В этом воркауте приоритет отдается прессу, поэтому упражнение на его укрепление ставится на первое место. Далее вы перейдете к несложному кругу упражнений для сжигания жира. Ну, а завершите воркаут основным кругом упражнений для набора мышечной массы и увеличения силы.
Указания
1. Первое упражнение выполняйте как обычно, с последовательными подходами.
2. Упражнения 2A–2D выполняются комплексно, поэтому выберите одну пару гантелей и используйте только ее. Подберите вес гантелей таким образом, чтобы вы могли выполнить самое легкое упражнение в серии повторений.
3. Упражнения 3А–3D также выполняются комплексно. Подберите оборудование и нагрузки для них под себя, и выполняйте их по той же схеме, что и 2A–2D.
4. Если вы решите повторить воркаут, меняйте подходы и повторения в упражнениях 2A–2D и 3A–3D в каждой сессии. Это поможет вам в течение нескольких месяцев сохранять эффективность такой круговой тренировки.
В повторных воркаутах чередуйте подходы и повторения упражнений так: 3 подхода по 10 повторений, 4 подхода по 5 повторений и 2 подхода по 15 повторений.
Данный воркаут можно заменить воркаутом 2 или объединить с ним, чередуя их в общей сложности по три занятия в неделю и отдыхая в течение дня между тренировками (а затем – два дня до повторения цикла).
Воркаут 1. Сжигание жира + набор мышечной массы + увеличение силы
1. Круговое перекатывание фитбола в планке
Подходы: 2.
Продолжительность: 30-45 сек. в каждом направлении.
Отдых: 60-90 сек.
Упражнение Swiss Ball Plank Circle
Положите фитбол на пол и примите положение планка на локтях, положив на фитбол предплечья. Согните руки в локтях, чтобы упереться о мяч, удерживая все тело по прямой линии с напряженным прессом. А теперь перекатывайте мяч, делая круговые движения по часовой стрелке, затем – против часовой стрелки.

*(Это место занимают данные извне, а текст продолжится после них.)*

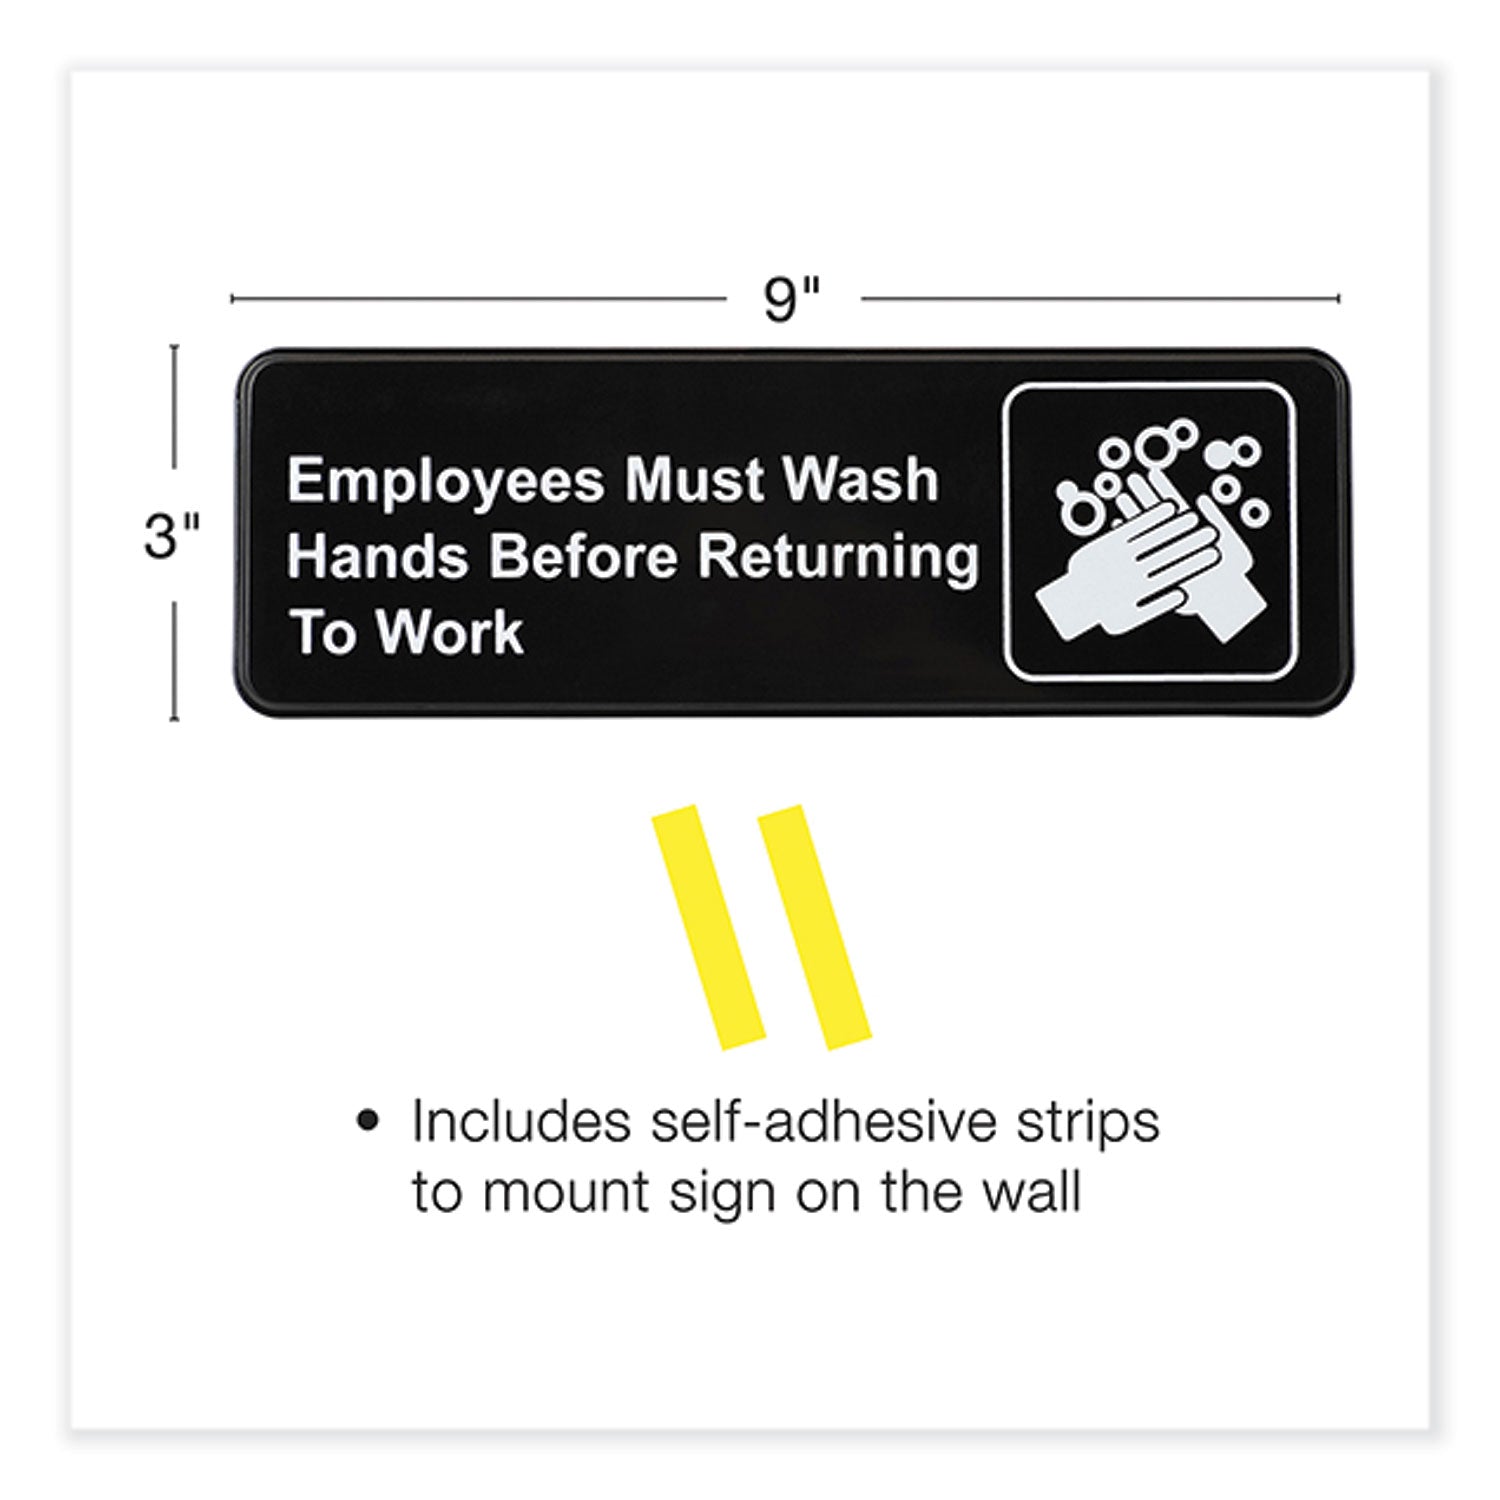 indoor-outdoor-restroom-with-braille-text-6-x-9-black-face-white-graphics-3-pack_exohd0049s - 2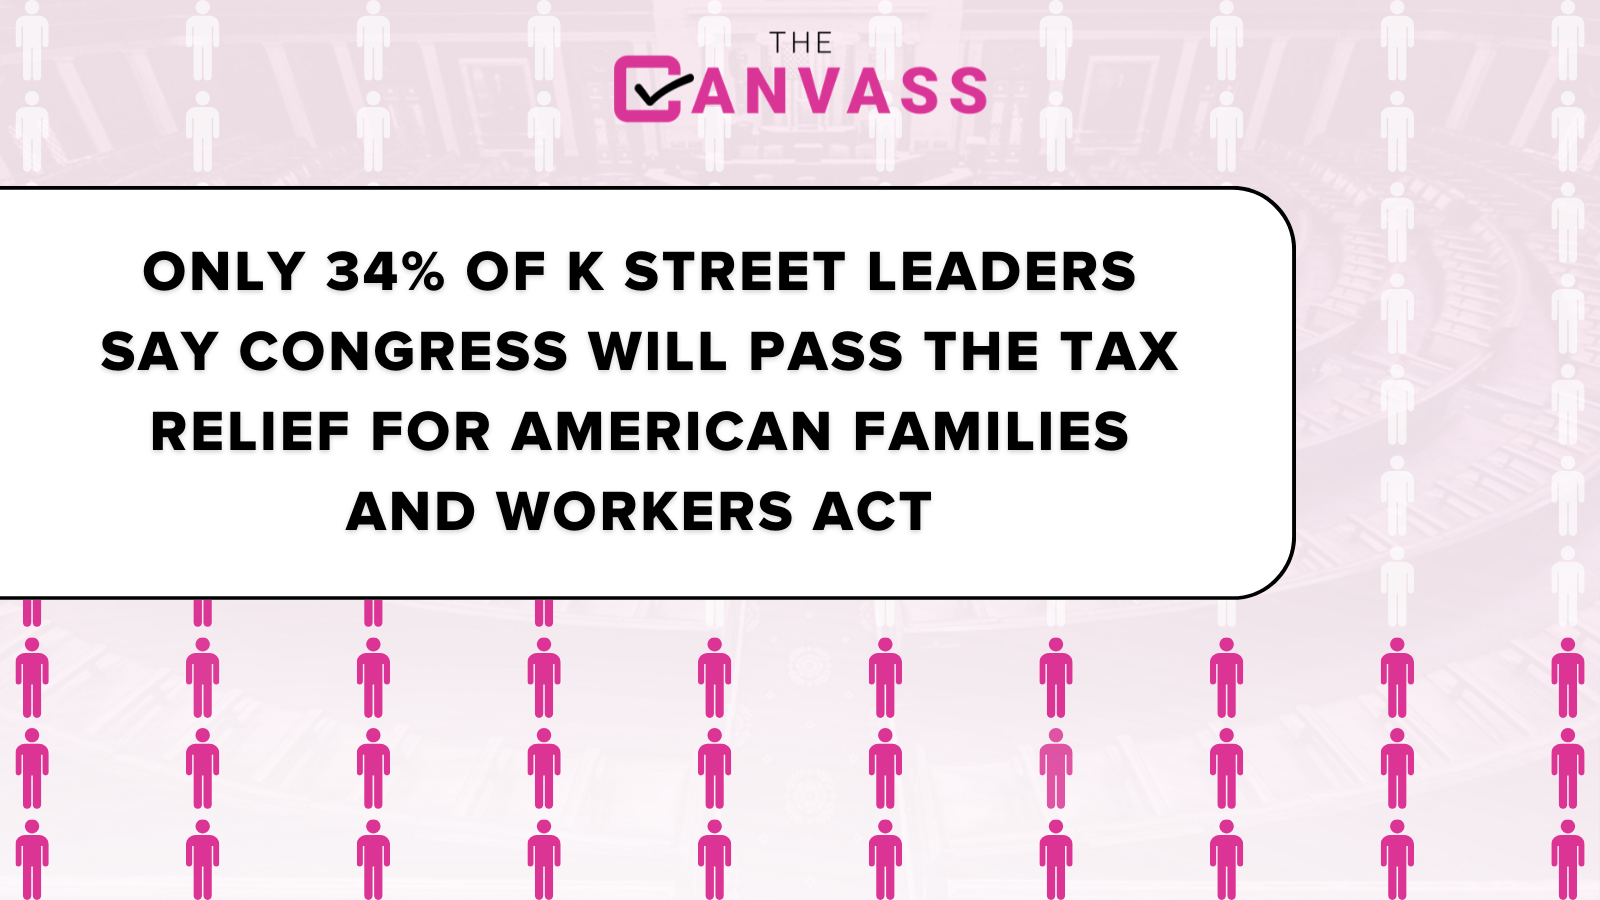 34% of K Street leaders say Congress will pass the Tax Relief for American Families and Workers Act

2A. Румынская тяга с гантелями
Подходы: 3-5.
Повторения: 6.
Отдых: 0 сек.
Упражнение Dumbbell Romanian Deadlift
Возьмите гантели и встаньте прямо, держа гантели перед собой прямым хватом. Ноги на ширине плеч. Медленно отводите таз назад и, удерживая спину ровно, а поясницу – в естественном изгибе, и опускайте корпус вниз, слегка сгибая ноги в коленях. Опускайте руки с гантелями вдоль голени максимально близко к ногам, пока не почувствуете растяжение бицепсов бедра. Не опускайтесь за счет округления спины. В нижнем положении гантели должны доходить примерно до середины голени. Опираясь о пятки и сжимая ягодицы, медленно поднимитесь в исходное положение.

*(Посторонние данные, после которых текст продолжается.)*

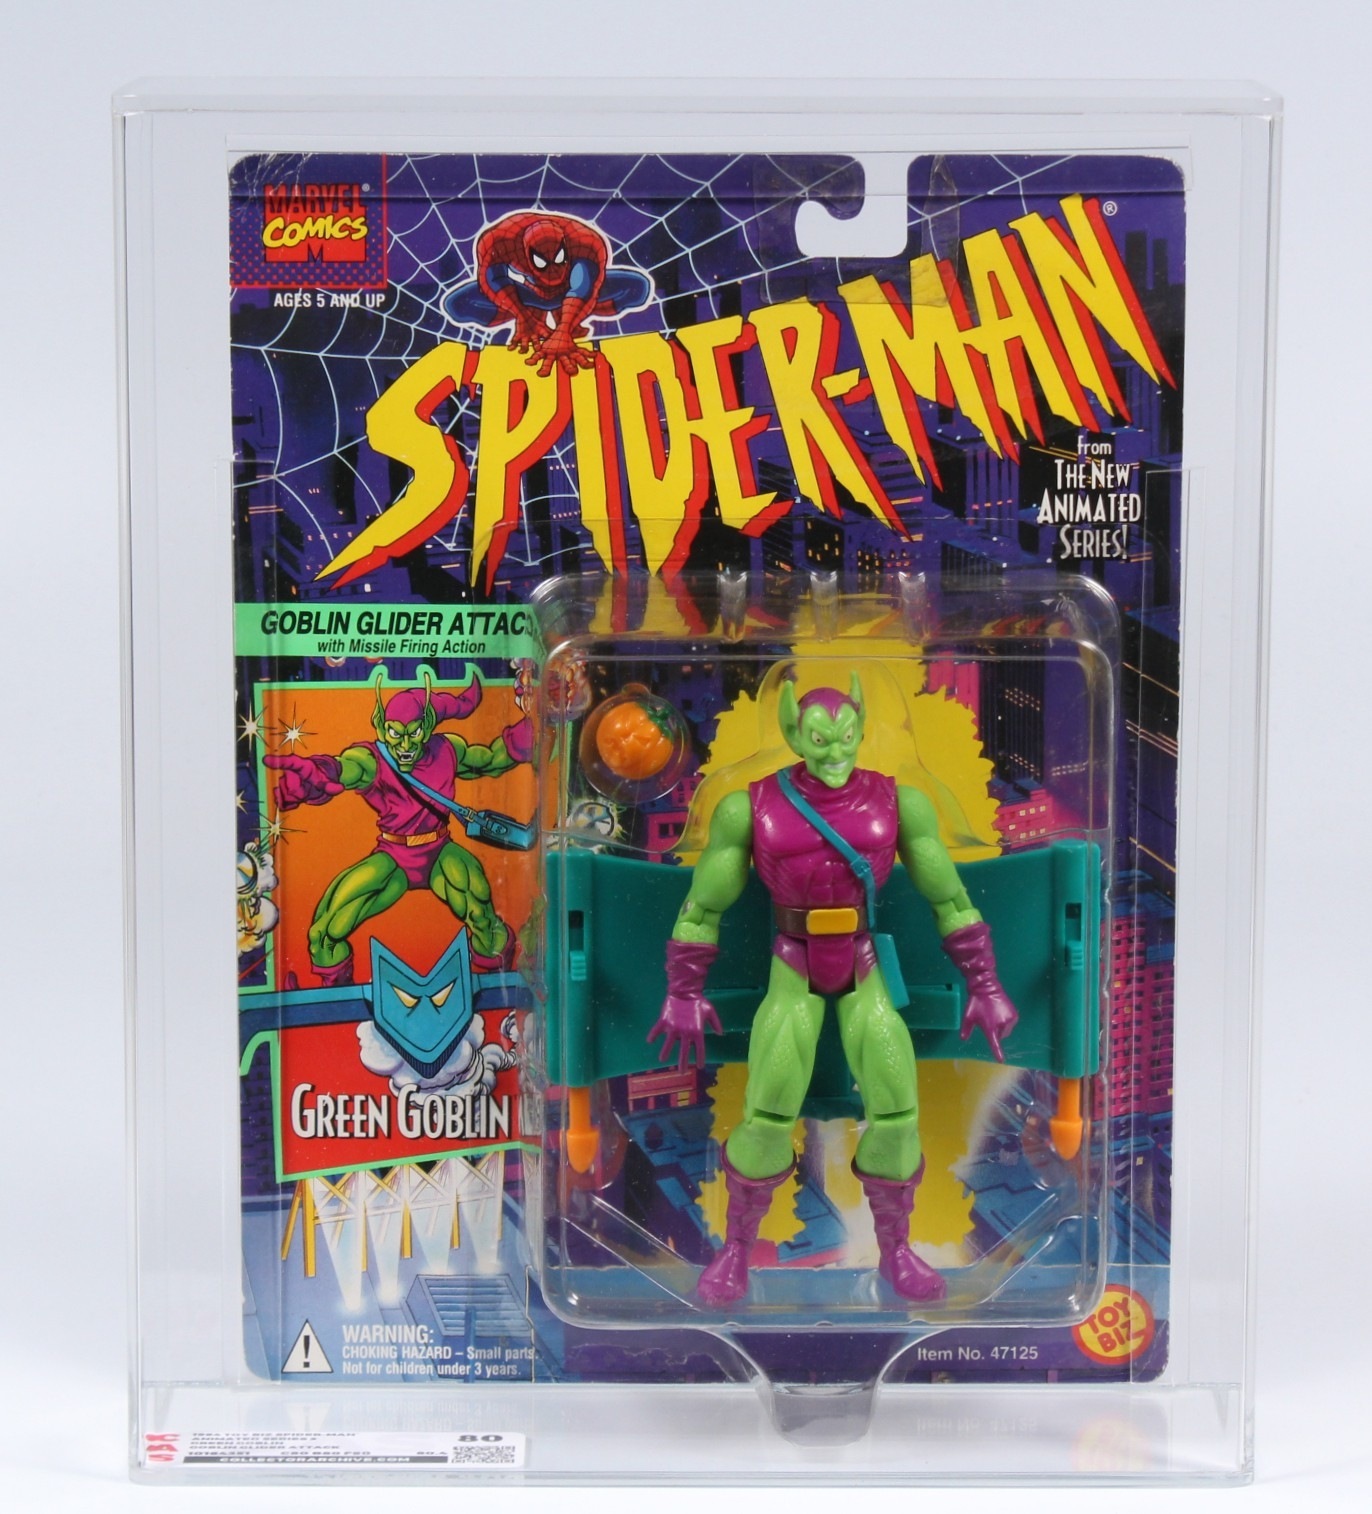 1994 Toy Biz Spider-Man Animated Series Carded Action Figure - Green Goblin

2B. Попеременная тяга гантелей в наклоне
Подходы: 3-5.
Повторения: 6 (с каждой стороны).
Отдых: 0 сек.
Упражнение Alternating Dumbbell Row
Наклонитесь вперед, как вы делали это в румынской тяге. Руки с гантелями опущены вертикально вниз. Подтяните правую гантель к корпусу так, чтобы плечевая часть руки оказалась параллельно корпусу. Опустите руку и повторите то же левой рукой.
2C. Тяга гантелей до уровня плеч
Подходы: 3-5.
Повторения: 6.
Отдых: 0 сек.
Упражнение Dumbbell High Pull
Встаньте прямо, ноги на ширине плеч. Держите гантели перед бедрами прямым хватом. Не сгибая спины, атведите таз назад, сгитая ноги в коленях так, чтобы гантели свисали чуть выше колен. Взрывообразно выпрямитесь, как при прыжке, и подтяните гантели до уровня плеч, широко расставив локти в стороны.
2D. Фронтальный присед с жимом
Подходы: 3-5.
Повторения: 6.
Отдых: 90 сек.
Упражнение Front Squat to Press
Держите гантели на уровне плеч и встаньте, ноги на ширине плеч. Приседайте как можно ниже, не теряя арки в пояснице. Поднимитесь и нажмите на гири над головой.
3А.
Становая тяга со стоекПодходы: 3.
Повторения: 10.
Отдых: 0 сек.
Упражнение Snatch-Grip Rack Deadlift
Настройтесь так же, как при становой тяге, положив штангу на страховочные упоры примерно на 5 см ниже колен. Возьмитесь за гриф прямым хватом, руки на ширине плеч. Выпрямите ноги и встаньте, подтянув штангу к бедрам. Так как амплитуда движений в этом упражнении значительно меньше, чем в классической становой тяге, это позволяет работать с большими весами.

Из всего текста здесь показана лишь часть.